BY Martin Dunlop | August 24 | comments icon 0 COMMENTS     print icon print


SPUC backs rejection of ‘right to die’

— Pro-life charity relieved that Tony Nicklinson, who died on Wednesday, lost his case

Pro-life charity SPUC has welcomed a decision from the High Court rejecting the assisted suicide requests of two men with locked-in syndrome.

Tony Nicklinson (right), 58, and a second man known as Martin, 47, mounted legal challenges in an attempt to secure immunity from prosecution for any professional who helped them to die.

After losing his case at the High Court last Thursday, Mr Nicklinson urged MSPs to back Independent MSP Margo MacDonald’s bid to legalise assisted suicide in Scotland. He died of natural causes on Wednesday, his family said.


Deeply moving

Explaining the court’s decision to reject the requests of Mr Nicklinson and Martin, Lord Justice Toulson, said that both cases were ‘deeply moving’ but added that ‘a decision to allow their claims would have consequences far beyond the present cases.’

“To do as Tony wants, the court would be making a major change in the law,” he said. “It is not for the court to decide whether the law about assisted dying should be changed and, if so, what safeguards should be put in place.

“Under our system of government these are matters for parliament to decide.”

Paul Tully, general secretary of The Society for the Protection of Unborn Children (SPUC), the pro-life charity, which was officially represented in the high-profile Debbie Purdy and Diane Pretty assisted dying cases, backed last week’s decision.

“We offer our condolences to Mr Nicklinson’s family and friends. We note reports that his death was peaceful and while surrounded by his loved ones,” he said, before adding ‘We welcome the High Court’s ruling, and we question whether those who have encouraged Mr Nicklinson and ‘Martin’ to pursue this legal action have the best interests of disabled people at heartThe court has reiterated once again that direct, active, voluntary euthanasia is unlawful in English and European law.’

Mr Tully added that ‘to have allowed euthanasia would have seriously undermined both the laws against homicide and the right to life enshrined in the European Convention of Human Rights.’

“Those who are sick, vulnerable or disabled need the law to be robust in protecting the inviolability of every human life. That is why SPUC Pro-Life was officially represented before the courts in the Debbie Purdy and Diane Pretty cases. Compassion and solidarity are the humane and caring responses to locked-in-syndrome.

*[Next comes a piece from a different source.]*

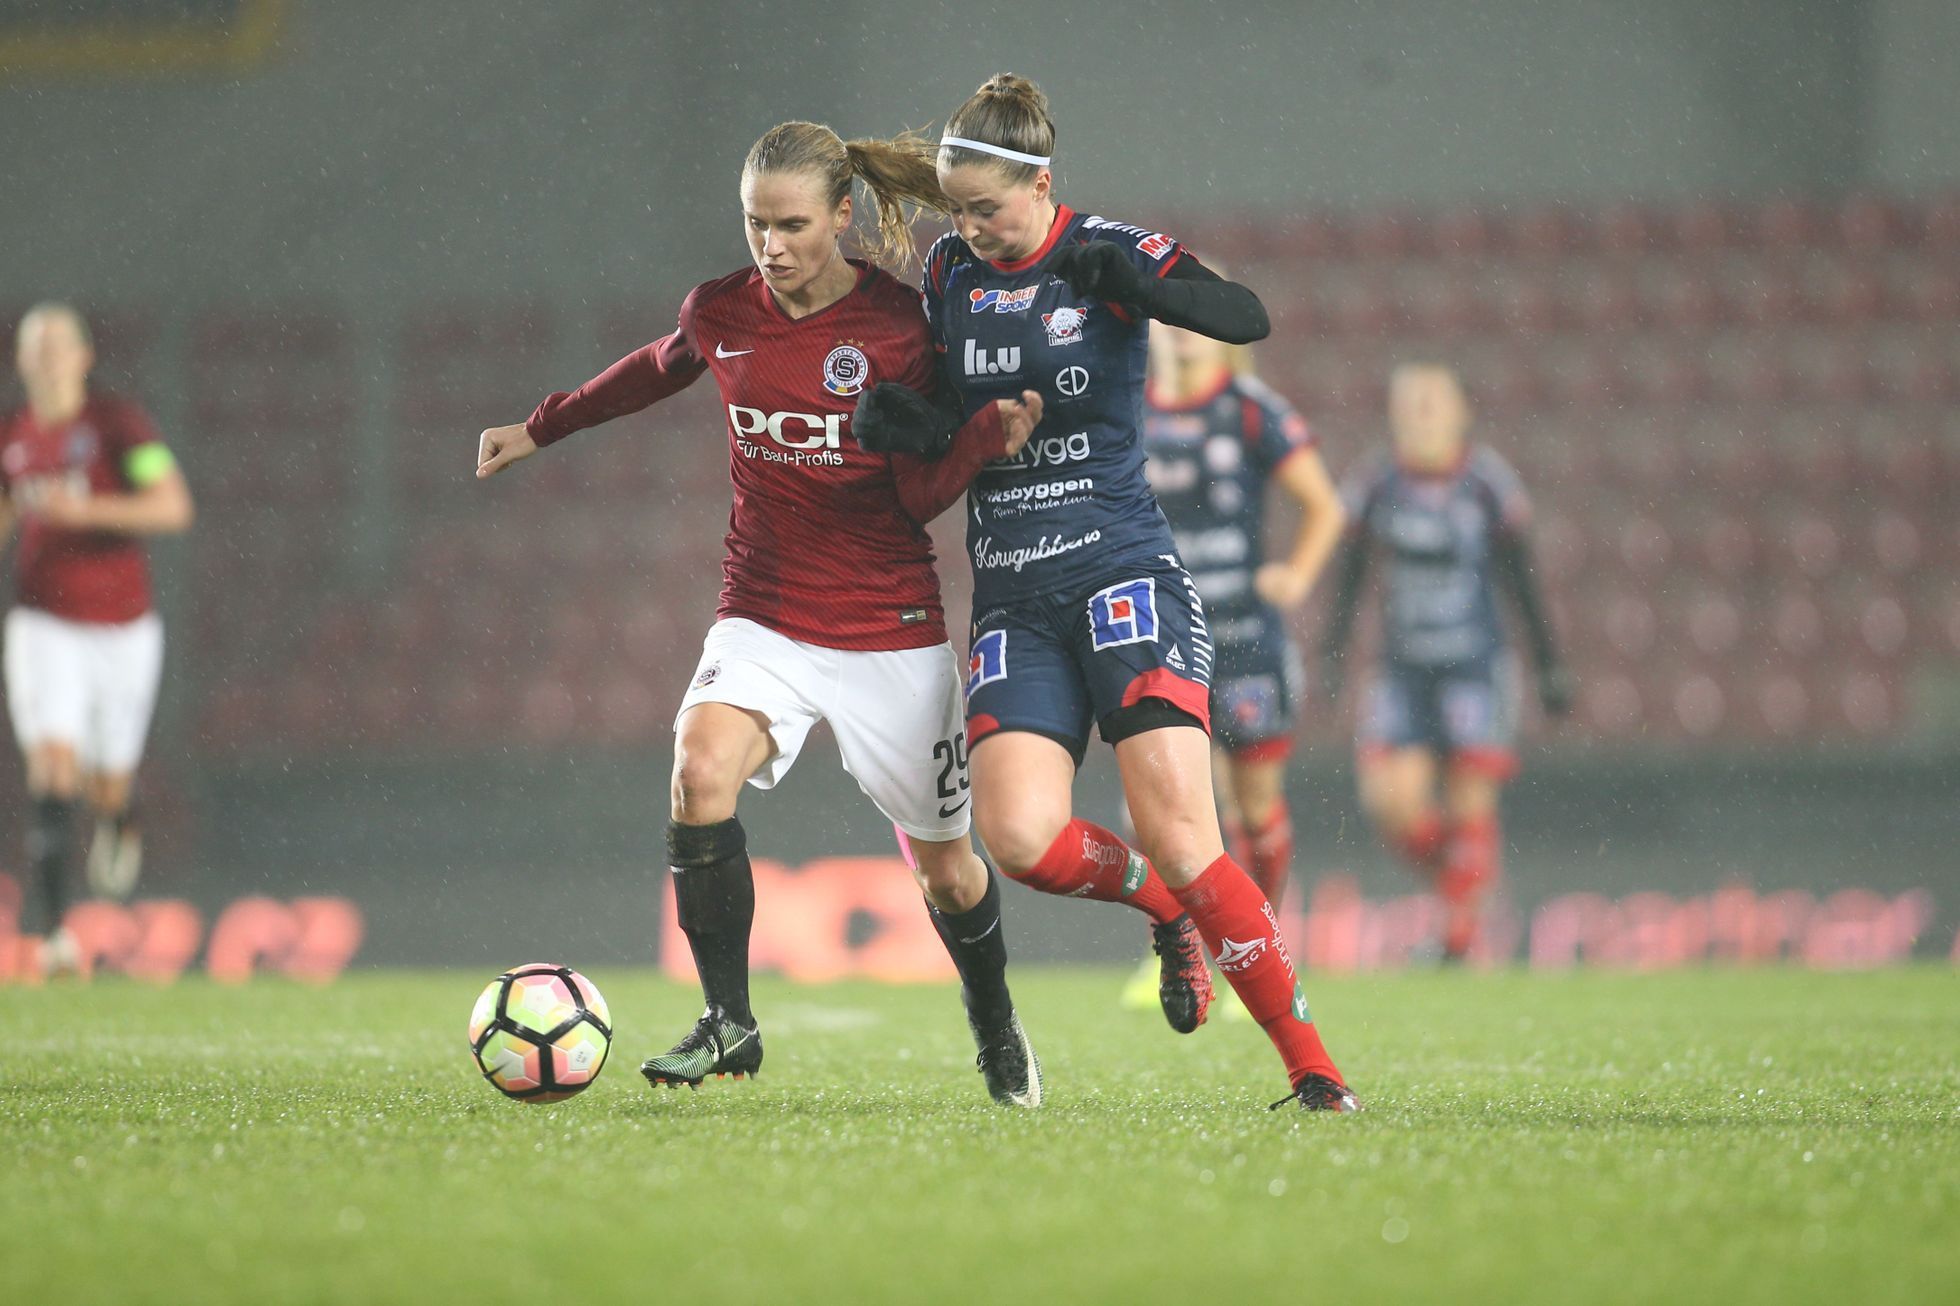 Ligy mistryň 2017/18: Sparta - Linköping, osmifinále

“To legalise killing of those who are suffering would adversely affect many, many people. We believe that Mr Nicklinson and ‘Martin’ have lives of equal value to any other member of society. We urge those around them to rise to the challenge of helping them realise their value and overcome their sense of hopelessness.”


Scottish law

The late Mr Nicklinson, a father-of-two, was left paralysed with locked-in-syndrome after a catastrophic stroke while on a business trip to Athens in 2005.

He communicated by blinking and described his life as a ‘living nightmare’ since the stroke. He has said he will appeal against the High Court’s decision to reject his request. Prior to his death, he backed Ms MacDonald’s second attempt to legalise assisted suicide north of the border with a bill in the Scottish Parliament.

Holyrood rejected a similar bill by Ms MacDonald, who has Parkinson’s disease, two years ago.

“I think it is very important because, although it may have a different legal system, Scotland is also part of the UK,” Mr Nicklinson said. “Would it blaze a trail that Westminster and others could follow? One would hope so.”

Mr Tully concluded, however, that he hopes last Thursday’s High Court ruling ‘will help end the insidious campaign in the British courts to change the law on assisted suicide and euthanasia.’